— Звали Васильевной. Я, говорит, нездешняя, только у меня сын на каторге. А сама я из Петербурга. Все, говорит, умею готовить. И верно, все готовила. Жили, жили, вот раз барыня гостей созвала. Васильевна пирог делает, а стол накрыли еще днем. Вечером барыня приезжает, а она все на лошади ездила, хорошая лошадь, гнедая, хоть гнедые нам не ко двору, но хорошая. Приезжает, значит, и видит: ничего, то есть, нет, все чисто. Пирога нет, посуда разбросана. Идет на кухню. И Васильевна сидит, вся красная, злая, не дай Бог. Барыня спрашивает: почему не готово? Что вы, говорит, Васильевна? А та отвечает: я сама барыня, ишь как раскричалась. Не хочу больше подавать, хочу сама есть. И весь пирог обкусанный.

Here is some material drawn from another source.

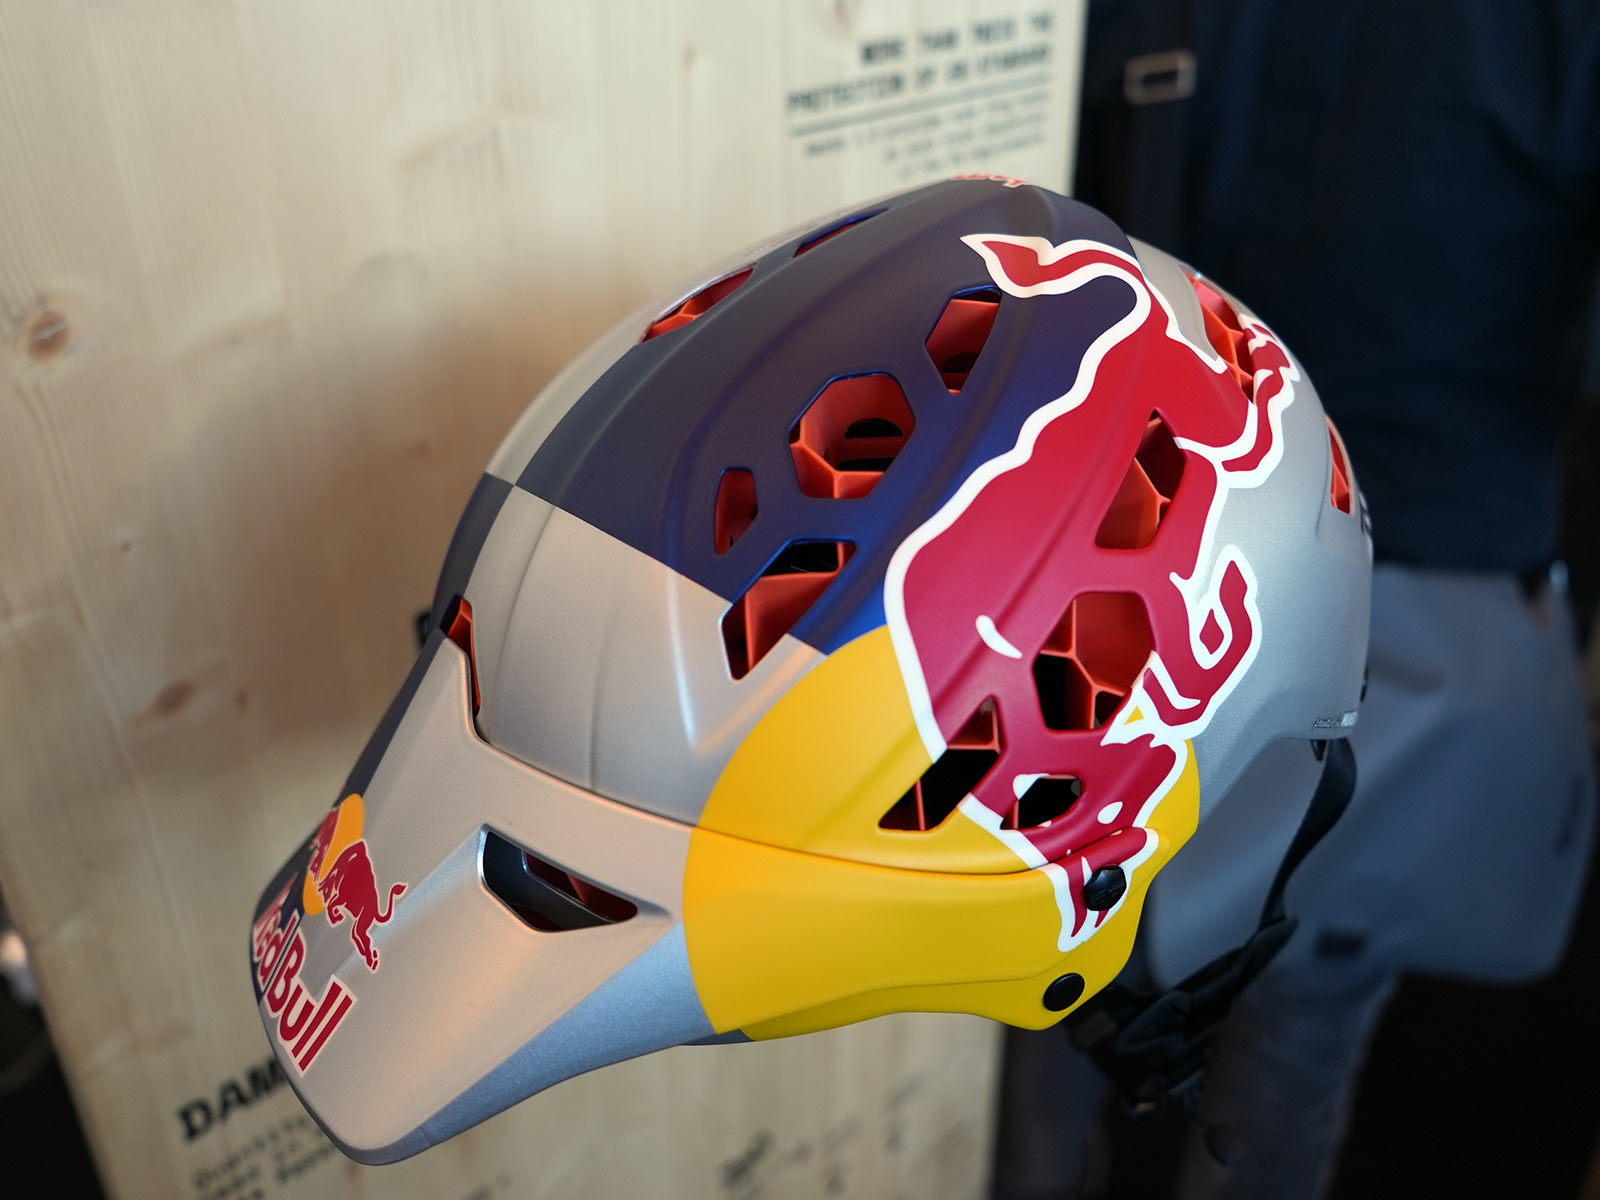 720 protection hex air mountain bike helmet with red bull logo branding

Потом Васильевна как сбежала со двора, так только на шестой день воротилась. Пришла грязная, обтрепанная, все платье оборвано, а сама плачет. Простите, говорит, меня, такой у меня запой бывает, ничего не поделаешь. Большая аккуратистка.
— Кто это, няня?
— Аккуратистка? Васильевна. А теперь ты спи; и болезнь твоя будет спать, а после пройдет. Спи.
Был легкий, паутинный день, когда я впервые вышел. Убегали белые, маленькие облака; но уже на востоке синел холодеющий воздух, и я подумал, что в такой же день полевая мышь Андерсена, приютившая Дюймовочку, запирала дверь своей норки, осматривала запасы зерна, а вечером, ложась спать, говорила: "Ну, теперь остается только сыграть свадьбу. Ты должна быть благодарна Богу, ведь не у всякого жениха есть такая шуба, как у крота. И, пожалуйста, не забывай, что ты бесприданница".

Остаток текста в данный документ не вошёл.